According to Steven Sangren’s study of Ta-ch’i in Taiwan, pilgrims are often organized at the grassroot level, such as the village territorial-cult level (Sangren 1987, pp. 88–89). Several recent studies (Bingenheimer 2022; Ouyang 2022; Zhang 2022), following Timothy Brook’s research, have successfully mapped pilgrimage routes and situated them within their regional contexts, such as Skinner’s macroregional systems, as suggested in Susan Naquin and Chunfang Yu’s book on pilgrimage and sacred sites in China (Naquin and Yü 1992). The Buddhist pilgrimage network, for example, largely overlapped with the commercial routes, as these authors identified. Marcus Bingenheimer, in particular, showed the existence of a “pilgrimage square”, a spatial pattern of spiritual traveling that connects sacred mountains. This interesting pattern in north China suggests that Chinese temples tended to cluster along a rectangle regional circumference in late imperial China, leaving the middle area relatively “hollow” (Bingenheimer 2022).7
The crucial issue here is whether pilgrimage routes and the organization of pilgrimage groups indeed provide an internal hierarchy for RRS. Zhang Weiran’s study (Zhang 2022) did allude to the multilevel order of pilgrimage routes in the lower Yangzi River region. However, this order did not have any actual subordinate relationship. Isabelle Charleux also noted that, among Mongolian pilgrims to Mount Wutai, there were a variety of social and economic motives (Charleux 2015, pp. 205–76). Some temples clustered around a famous site, such as Mount Wutai 五台山, may form a certain kind of local alliance without an obvious hierarchical structure (Charleux 2015, pp. 68–76). Moreover, as Sangren notes, in Taiwan, pilgrimage centers are often located in the periphery of political and economic hierarchy, but they depend on the same transportation routes (Sangren 1987, p. 122). Their observations confirm what Victor Turner has pointed out: “any region possessing a certain cultural, linguistic or ethnic unity, often corresponding also to an area of economic interdependence tended to become at once a political unit and a pilgrimage catchment area” (Turner 1974, p. 179). This means that although pilgrimage routes connect a multitude of religious sites together, they do not form an internal hierarchy among these sites which oriented these sites towards a center. These potential hierarchical structures may work well in local areas and small regions, but are usually suppressed when they tend to grow trans-locally. In Section 4, Chinese Buddhism is used as a case study to discuss this non-hierarchical aspect more thoroughly.

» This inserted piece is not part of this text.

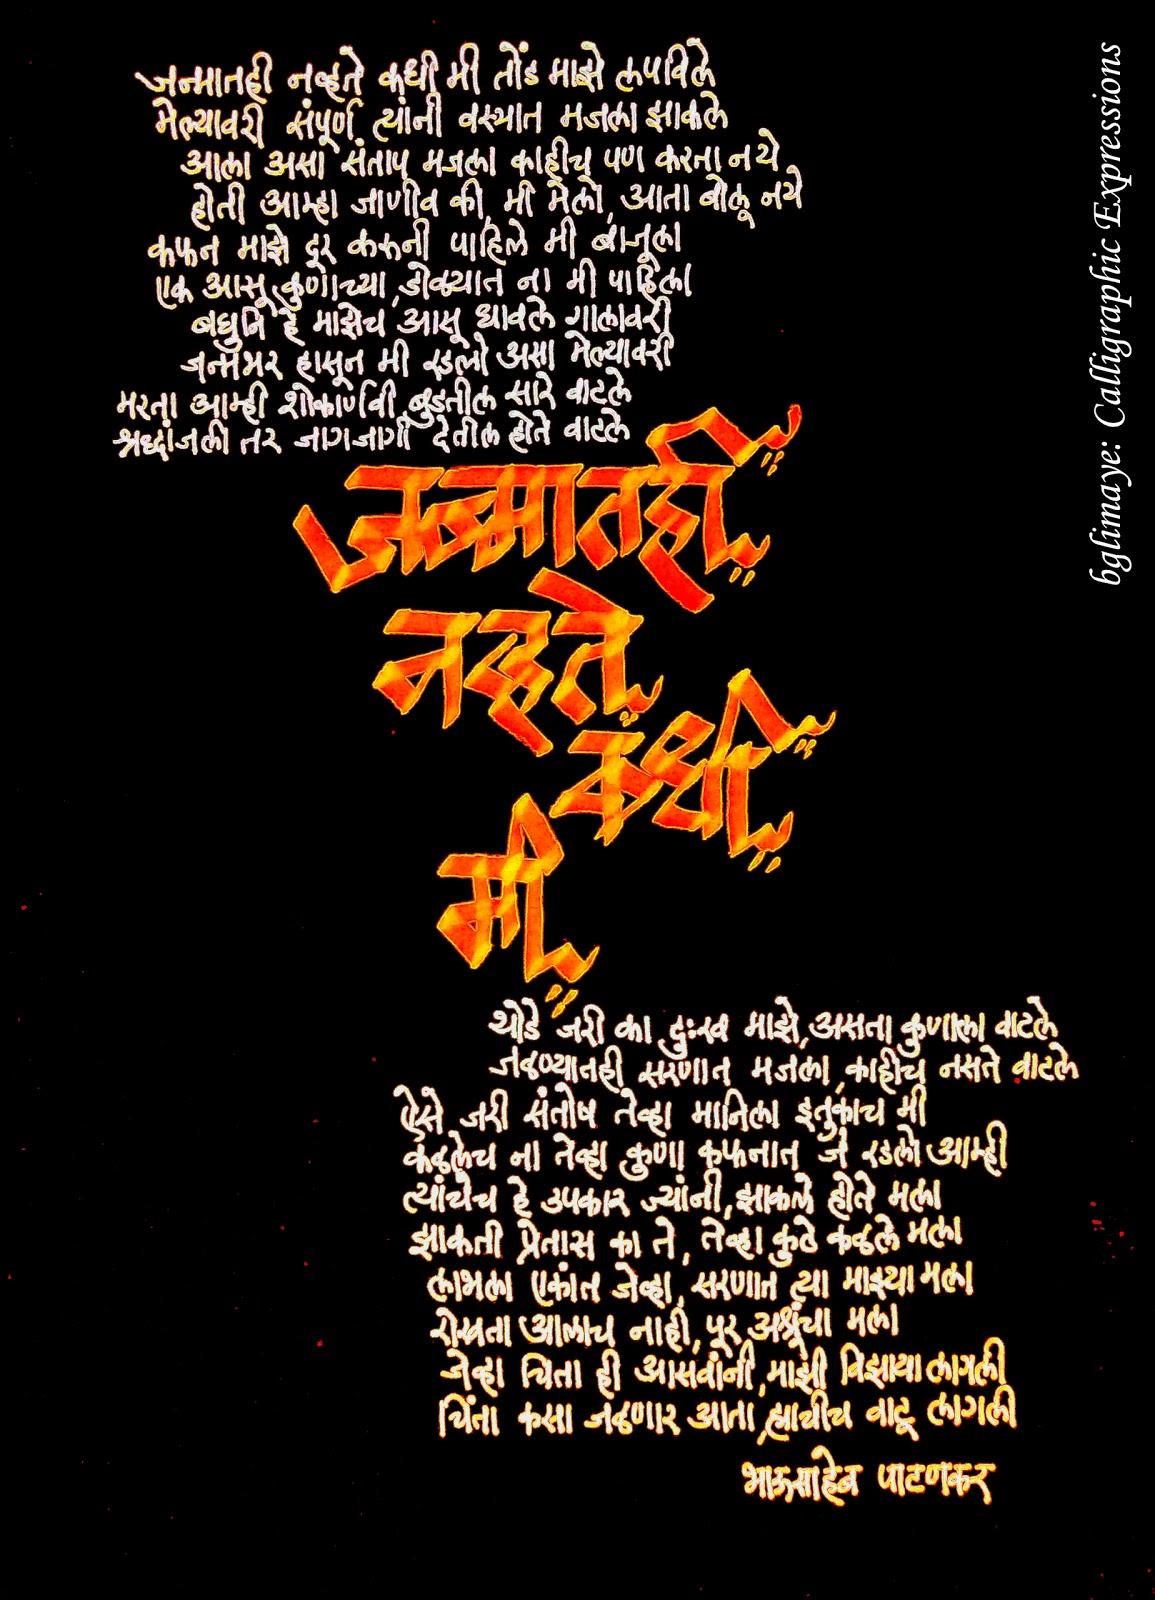 Late Indira Sant Marathi Poem | Literature | Pinterest | Poem
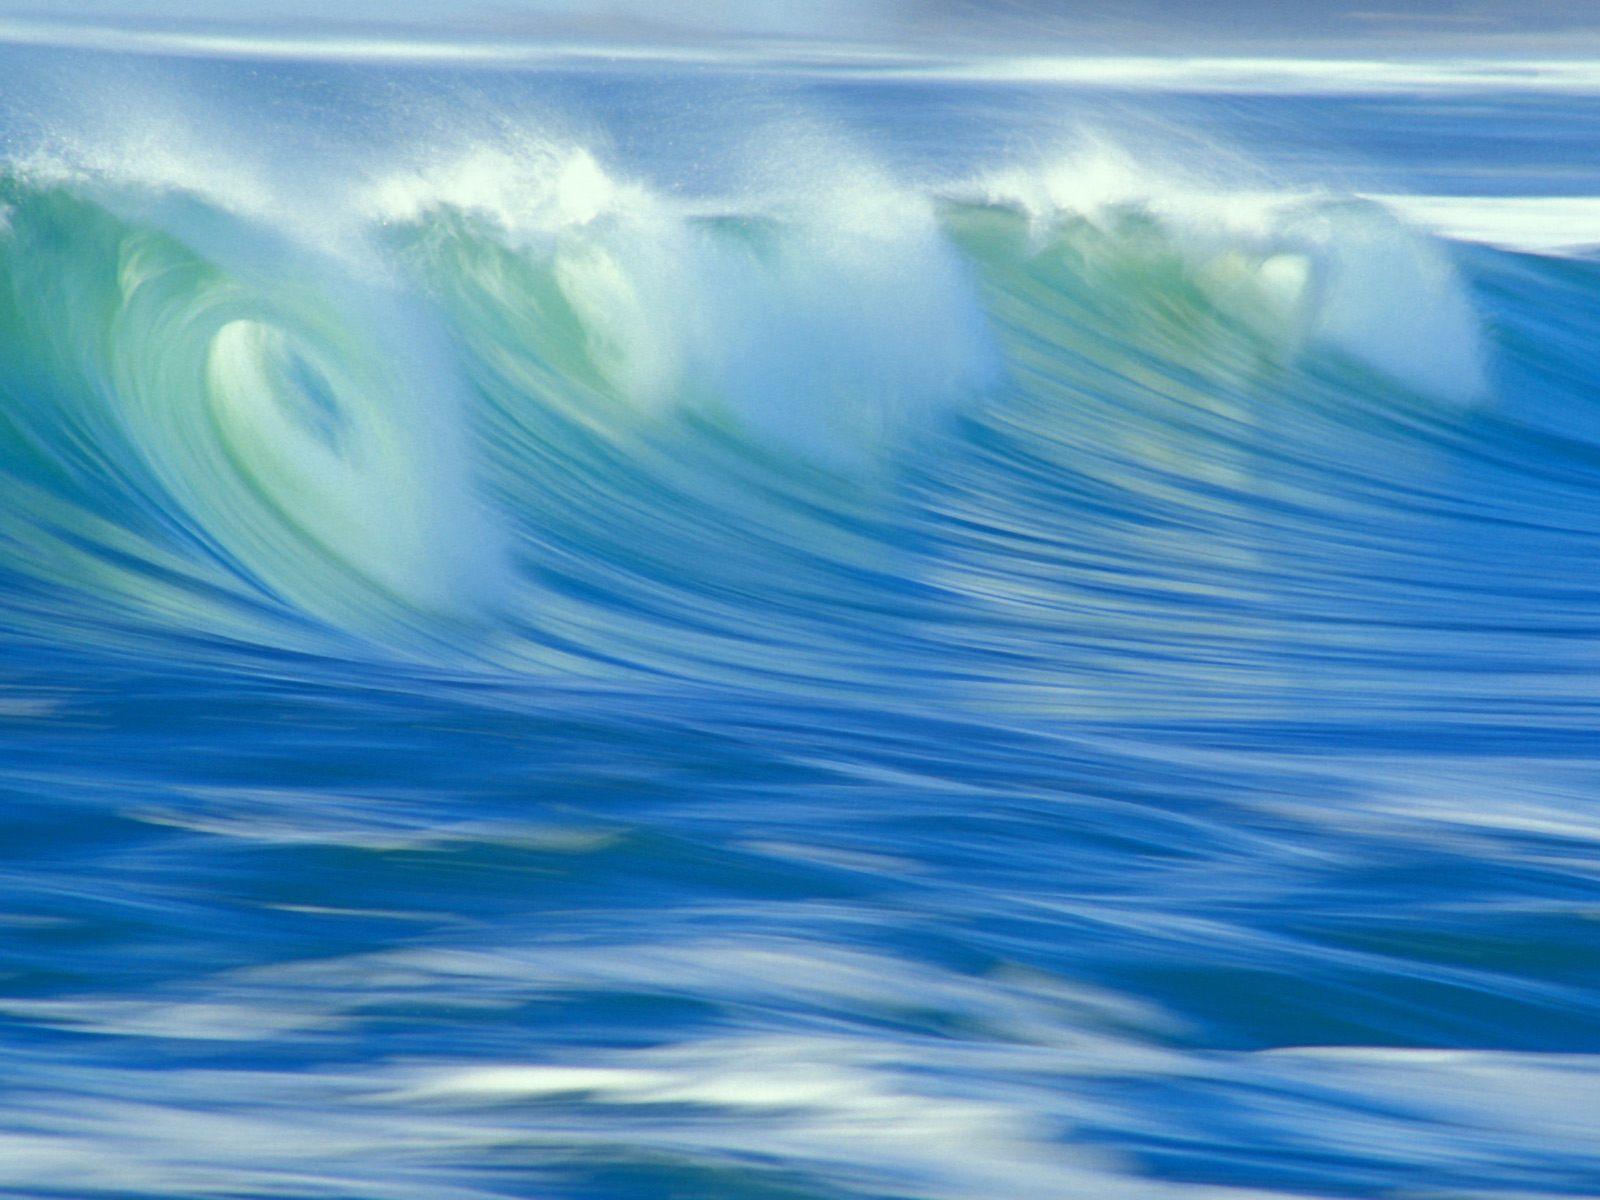 Wallpapers - HD Desktop Wallpapers Free Online: Best ...

4. Hierarchical and Non-Hierarchical Aspects of RRSs

4.1. The Issue of Hierarchy

RRSs exhibit a great level of spatial dependence on existing administrative and economic systems. The question, however, is whether or not RRSs also form hierarchical structures closely mirroring the regional administrative and economic hierarchies. My answer is no, although RRSs indeed draw support from the two hierarchies. Although RRSs do not possess an internal hierarchy, they have served important social, economic, and cultural functions in Chinese society, paralleling the political and economic structures.
In our previous study, regional religious systems (RRSs) were described as being situated in the regional context defined by William Skinner’s macroregion theory in order to identify their relation to political and economic hierarchies in a given region (Wu et al. 2013; Wu 2022). This approach has been adopted by other scholars and was proven to be effective. Steven Sangren used Skinner’s regional systems method to study Chinese religion in Taiwan and described the rural territorial cult system as a “nested hierarchy”, showing “patterns of social interaction in spatial, behavioral terms” (Sangren 1987, p. 14). He noted that “hierarchies of ritual organization and social identity correspond closely in spatial terms to the nested hierarchies of economic regions, just as Skinner predicts” (Sangren 1987, p. 15). Although scholars have tried to describe the Chinese pantheon, especially Daoist and popular religion, as “structured hierarchy” with a “subordinated” lower status deity, such symbolic and the formal “universalization” of local deities plays little role in spreading and organizing local cults, even less influential than popular novels and folktales, as Paul Katz showed (Katz 1998, pp. 110–11). This approach gives readers the impression that RRSs also constitute hierarchical systems, which have their own structure to orient spiritual and institutional recourses towards a regional center. Although the mechanisms and tendencies of forming a spatial hierarchy do exist, they are limited in spatial scales and are often seen within village alliances in a small region. Most religious sites in pre-modern China remain establishments in their immediate locality, without the vertical connections that a hierarchy requires, except in the cases of religious sites with foreign origins (i.e., Christianity and Islam) and some short-lived attempts to form sectarian organizations.
This non-hierarchical characteristic has been observed by many scholars of Chinese religion. It is still useful to cite John Knight Shryock’s study on temples in Anking (Anqing 安慶). According to him, Chinese religion is remarkably “diffused” without a strong institutional base:
A Chinese temple must not be thought of as a kind of church, standing in the midst of a group of people who look upon it as their religious home. These temples are not built for worship by large bodies of people at one time. ……And it must be remembered that a Chinese does not belong to a temple and regularly attend worship there, as a Christian belongs to his parish church, for there is nothing in the Three Religions corresponding to the Christian congregation.
Sidney Gamble reported a similar observation of religious institutions in the modern Ting county (Dingxian 定縣 or Dingzhou 定州) in Hebei:
The temples seemed to be relatively independent units. Most of them had been erected by the people living in the village. The building was financed sometimes by popular subscription, sometimes from village funds, occasionally by an individual who had acquired wealth and wanted to do something for his native village. When built, the temple was dedicated to the deity who offered the type of protection the people felt they needed or who personified the characteristics they honored and revered. Priests were in attendance only for special services. These priests had had, of course, the official Buddhist or Taoist training.
These observations suggest that (1) Chinese religious sites were independent (2), there was no hierarchical structure among them, and (3) there was no dominance of ordained clergy either. Of course, this conclusion was based on observations on popular sites devoted to popular cults, and established traditions such as Buddhism may give us the impression of having an internal hierarchy. As shown below, however, not only did Buddhist temples exhibit a non-hierarchical pattern, the attempts to establish a hierarchal structure across space also resulted in failure.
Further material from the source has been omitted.